Embracing My Inner Slob
I have a laid back attitude about housework. It gets done when I can’t stand the mess anymore. I have a high tolerance for certain messes. Toys, laundry and the occasional dust bunny do not bother me. I readily admit that I am not the neatest woman in the world. There you have it, my secret is totally out. I HATE HOUSEWORK. I am not "Suzy Homemaker". I suppose that makes me a lousy housewife. Maybe, I don’t know, I guess it depends on who you ask. Everyone has their own opinions of what qualifies as being a sanitary home. I clean my house because I have to. I clean because it is the right thing to do. I don’t want my family living in a complete pigsty. Although I must say that there are things that are way more interesting to me. I’d rather play with my kids, spend time with my husband, paint, read, dance, sing, run through the house completely naked, jump, scream ( just for the Hell of it), hike and just be free. Housework is like a prison from which there is no escape. It’s never ending.
I have friends whose homes are completely spotless no matter what time of the day you show up. They’re like showrooms. Everything is completely perfect. I don’t see the character in homes that don’t look lived in. Why would you want your house to look like the display window of a furniture store? That always bothered me. Do they spend every waking moment cleaning their houses? What do they do for enjoyment? Do they spend time with their kids? Are there not better things to do than housework? Let’s face it, it’s not going anywhere. It will be there when they come home. Homes that look lived in have a certain quality about them. They’re comfortable. I like to go to homes where you’re not afraid to sit on the couch and plop your feet on the coffee table (not that I would). I don’t mind maneuvering around toys, and seeing dishes in the sink. The kids need to play and we all need to eat.

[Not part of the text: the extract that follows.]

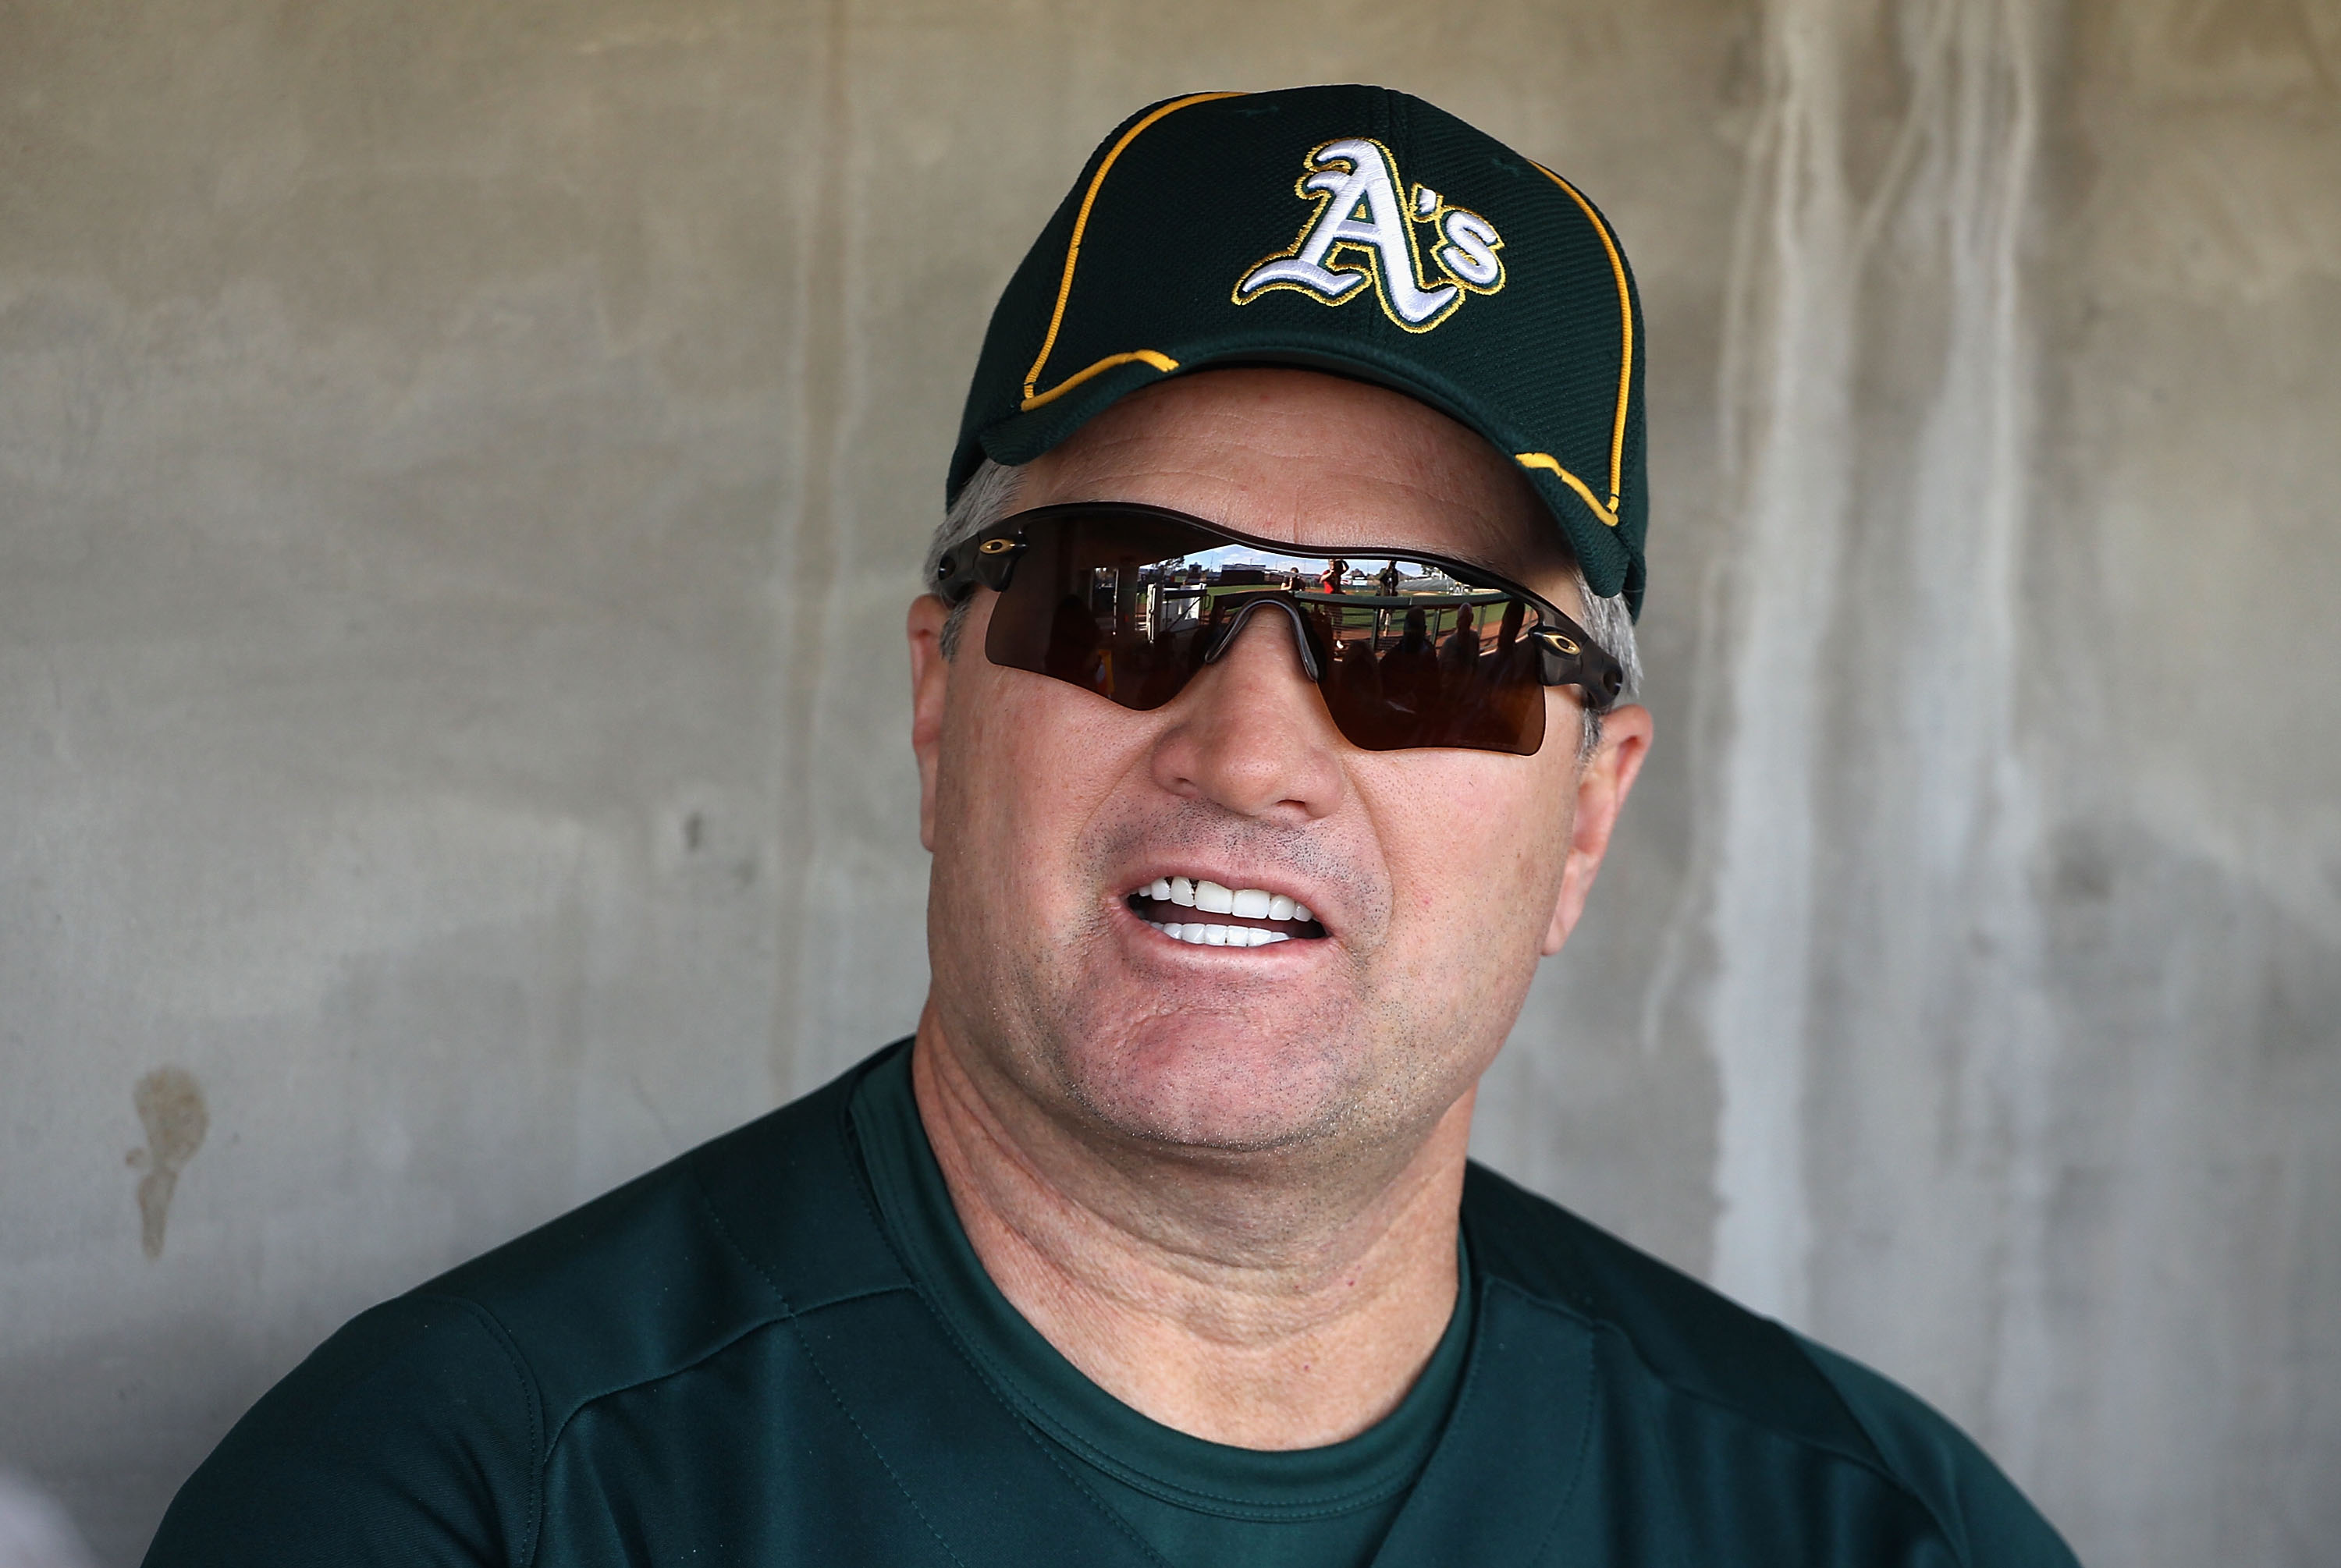 PHOENIX, AZ - FEBRUARY 16:  Head coach Bob Geren of the Oakland Athletics speaks with the media during a MLB spring training practice at Phoenix Municipal Stadium on February 16, 2011 in Phoenix, Arizona.  (Photo by Christian Petersen/Getty Images)

I’m not saying that we should all organize a revolt and stop cleaning our houses. I believe too much emphasis is placed on appearances. It took me a long time to come to grips with my inner slob. I always thought that there was something wrong with me because I couldn’t keep up with my housework. I never took into consideration that perhaps having three children and a husband to care for might make it difficult to fulfill all of my domestic duties (Duh!). Sure, there were days that I did not want to answer my door because of the fear someone would discover my secret. God forbid, they saw my laundry in the living room and the toys lining the stairs. What would I do? What would they do? Would they hire a maid for meJ? Or would they go back to their friends and gossip about what a horrifically messy home I keep? I don’t care anymore. If they do not like it they can leave.
My attitudes over the past few years have completely changed. I am no longer dust bunny phobic. I have wholeheartedly embraced my inner slob and will continue to live my life blissfully. After all, the laundry will be there when we get home.